为训练一个用于实例级物体检测的监督性深度网络,针对每个实例物体都需要提供大批量带标签注释的训练样本数据——在非结构化环境中实例物体视角姿态信息、光照强度等丰富变化的图像。然而,实例物体在复杂背景下的各个视角图像数据的采集工作与实例物体在图像中位置信息的标注工作通常繁琐又耗时,同时数据增强等传统的训练数据扩充工作只能改变图像的明亮程度或饱和度,但不能改变实例物体在三维空间中的不同视角姿态。
In order to train a supervised deep network for instance object detection, a large number of annotated training sample data are needed for each instance object, i.e. rich and varied images such as perspective information and illumination intensity of instance object in unstructured environment. However, the acquisition of image data from each viewpoint of an instance object in a complex background and the labeling of the location information are usually time-consuming. At the same time, the traditional data expansion such as data augmentation can only change the brightness or saturation of the image, but cannot change the posture of the instance object in three-dimensional space.
本实验室引入生成式建模来解决这一技术难点,通过少量采集每个实例物体在摄像机不同视角下的视点图像作为生成式模型的带标注训练样本,训练深度生成式反卷积网络使其能够插值生成训练集中不存在的实例物体视点图像,完成实例物体在三维空间中任意视角图像的丰富扩展工作。
In order to solve such problem, a deep generative deconvolutional network is trained by only a small number of viewpoint images of each instance object to interpolate generate the viewpoint images of the instance object that do not exist in the training dataset. Thus, the enrichment and expansion of viewpoint image of instance object in three-dimensional space can be accomplished.
有限张的实例物体多视角图像样本的获取方式如图1所示,将目标实例物体放置在白色背景下的一个恒定转速的转台上(转速25圈/s)。同时,摄像机安装于固定位置(距离转台0.5米),拍摄特定的实例物体在摄像机6个不同俯角下旋转360度的视频序列。通过设定不同的视频图像获取帧率,能够在每个视频序列中获得有限张的关键帧图像(例如附件
True_Trainingdata_Car.rar.rar为实例物体小车模型的180张关键帧多视角图像,视角分布情况为:平面内0-360度之间每间隔12度获取一张关键帧图像共计30个不同旋转角度,和摄像机在空间内分别设置俯角为0、15、30、45、60、75度共计6个俯角角度)。
The acquisition method of limited multi-view images of instance object is shown in Figure 1. The target instance object is placed on a turntable with constant speed (25 revolutions/s) in a white background.
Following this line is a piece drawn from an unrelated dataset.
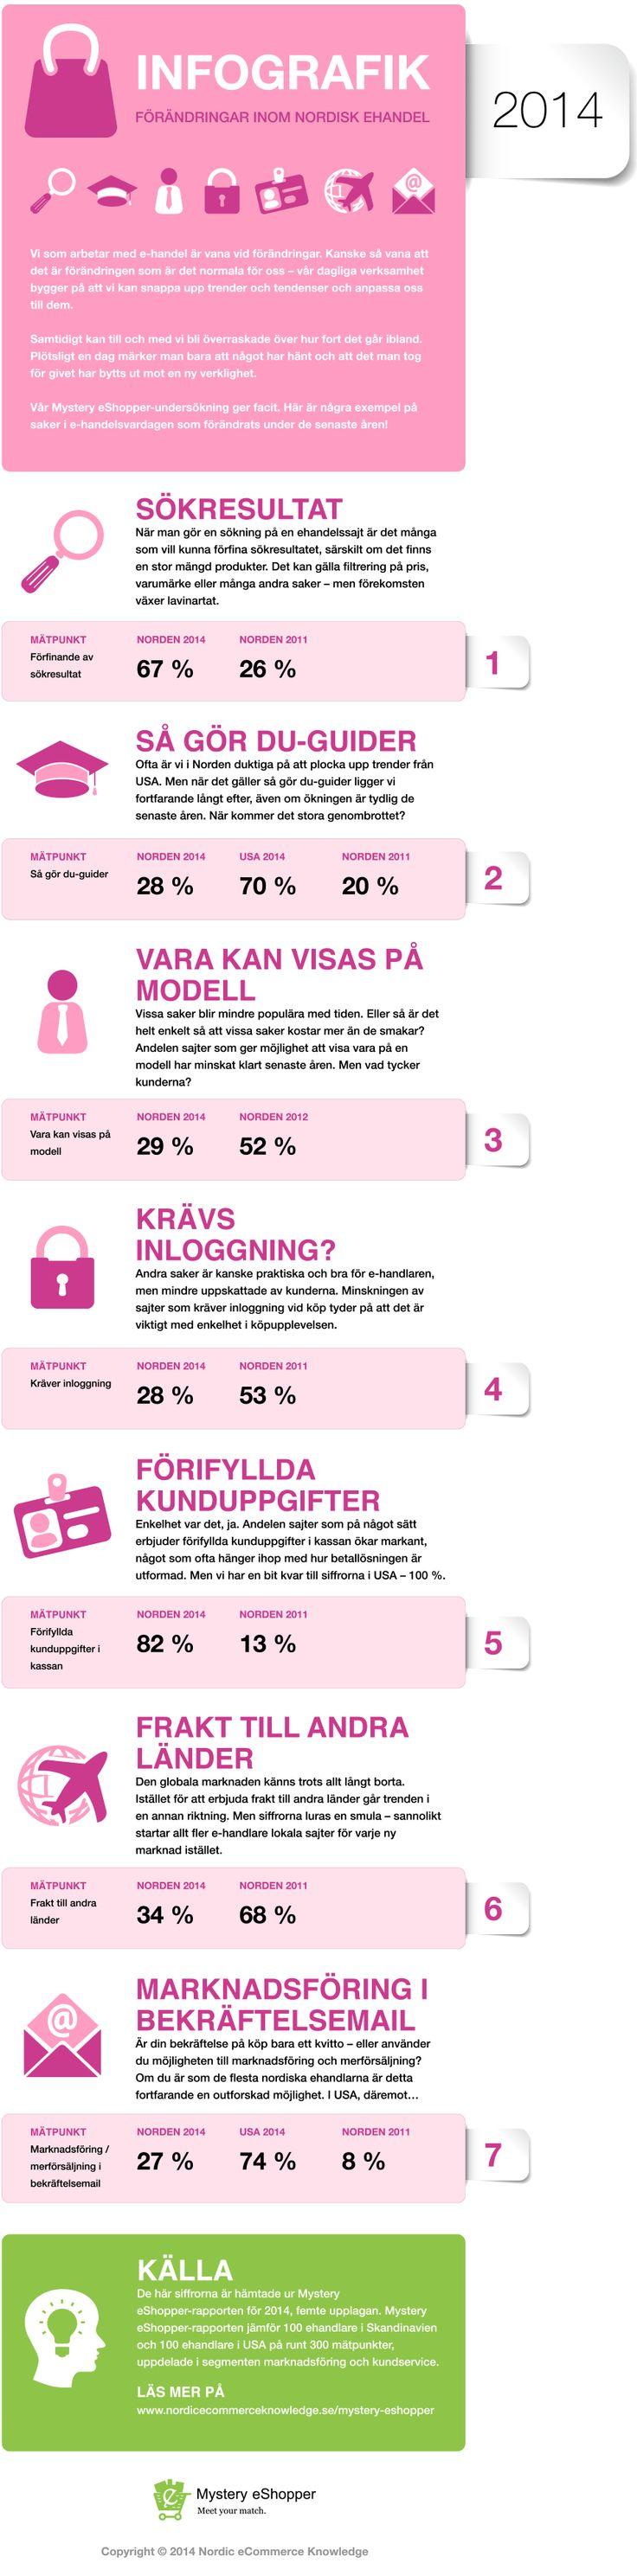 INFOGRAFIK – förändringar inom nordisk ehandel : Nordic eCommerce Knowledge. #ehandel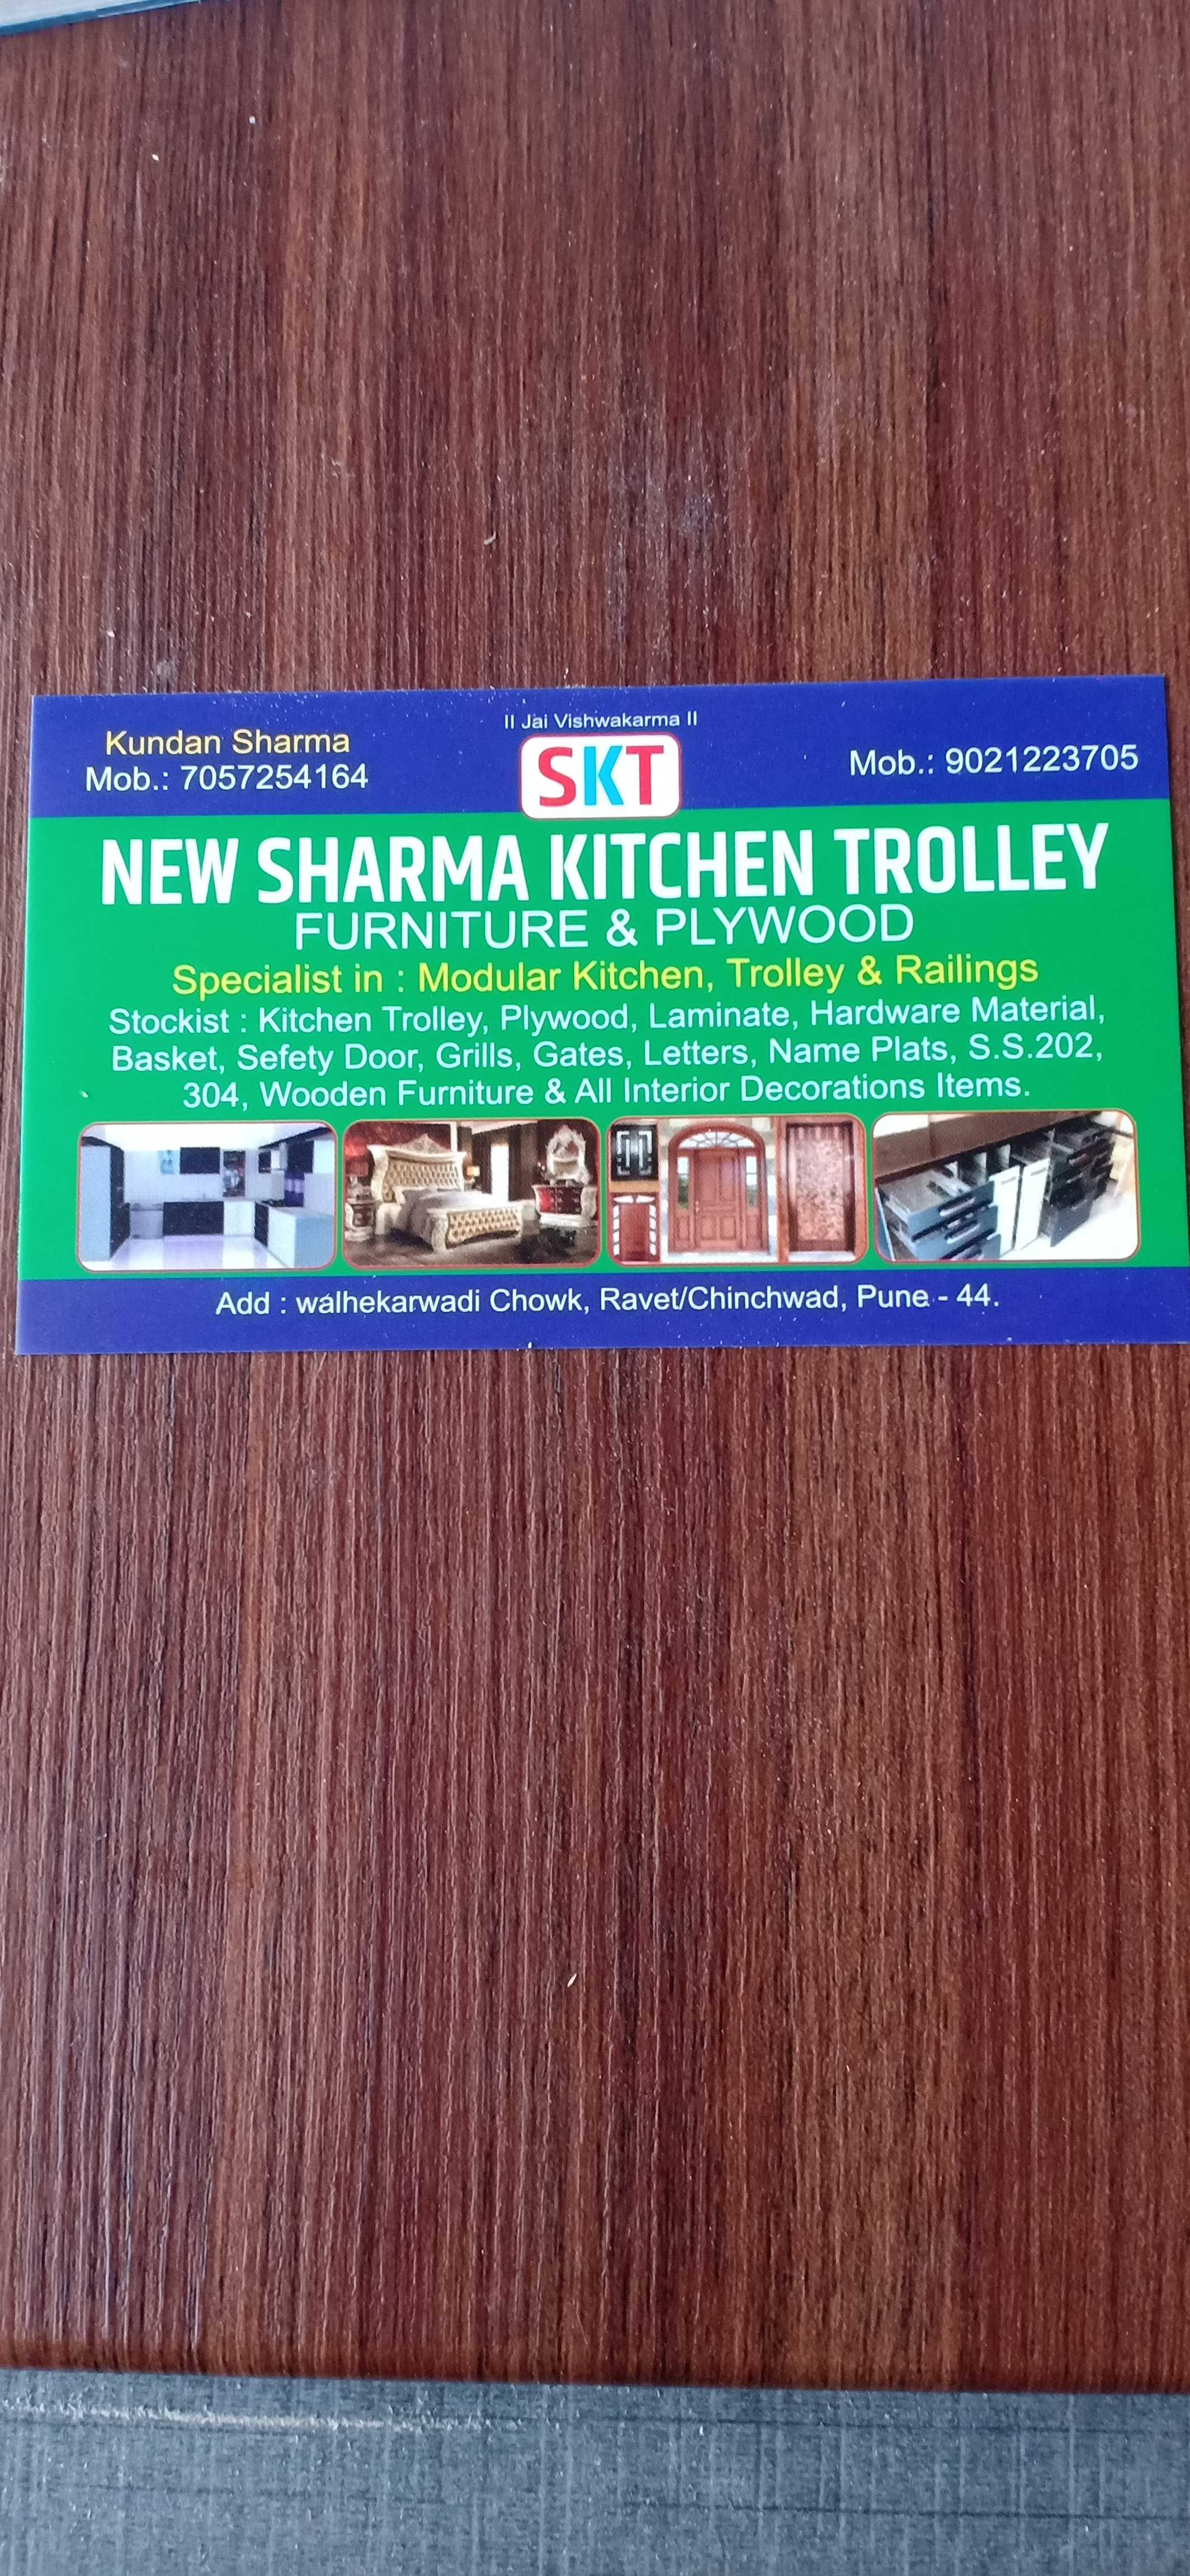 New Sharma Kitchen Trolley in Pimpri

At the same time, the camera is installed in a fixed position (0.5 meters away from the turntable) to get a video of each instance object rotates 360 degrees in plane at six different depression angles of the camera. By setting different frame rate of video image acquisition, a limited number of key frame images can be obtained in each video sequence. E.g. the attachment True_Trainingdata_Car.rar, it has 180 key frame multi-view images of the car model. The distribution of viewpoints angle is as follows: a total of 30 different rotation anglesframe images between 0-360 degrees in the plane at 12 degrees interval, and 6 depression angles are set for the camera in space, which are 0, 15, 30, 45, 60 and 75 degrees respectively.
图1 训练样本采集方式示意图
Fig. 1 Training sample acquisition mode
此外,摄像机获取的真实实例物体图像在输入网络前需进行预处理,即制作真实实例物体图像的分割掩膜图像,如图2所示,掩膜制作代码在附件
Handmade_Segmentation_Mask.rar中。
In addition, the real instance object image acquired by the camera needs to be preprocessed before it is input into the network, that is, to make the segmentation mask image of the real instance object image just as shown in Figure 2. The mask production code is in the attachment [Handmade_Segmentation_Mask.rar].
图2 原图与其分割掩膜图像示意图
Fig.2 The original image and its segmented mask image
本实验室提供了10个实例物体分别在摄像机6个不同俯角下旋转360度的视频序列,分别为汽车模型、CD唱片盒、洗涤剂瓶子、灭火器、眼镜盒、示波器、药盒、储物盒、茶罐、保温杯。这些实例物体在日常生活中是常见的,但在外观特征上明显不同,其示意图如图3所示。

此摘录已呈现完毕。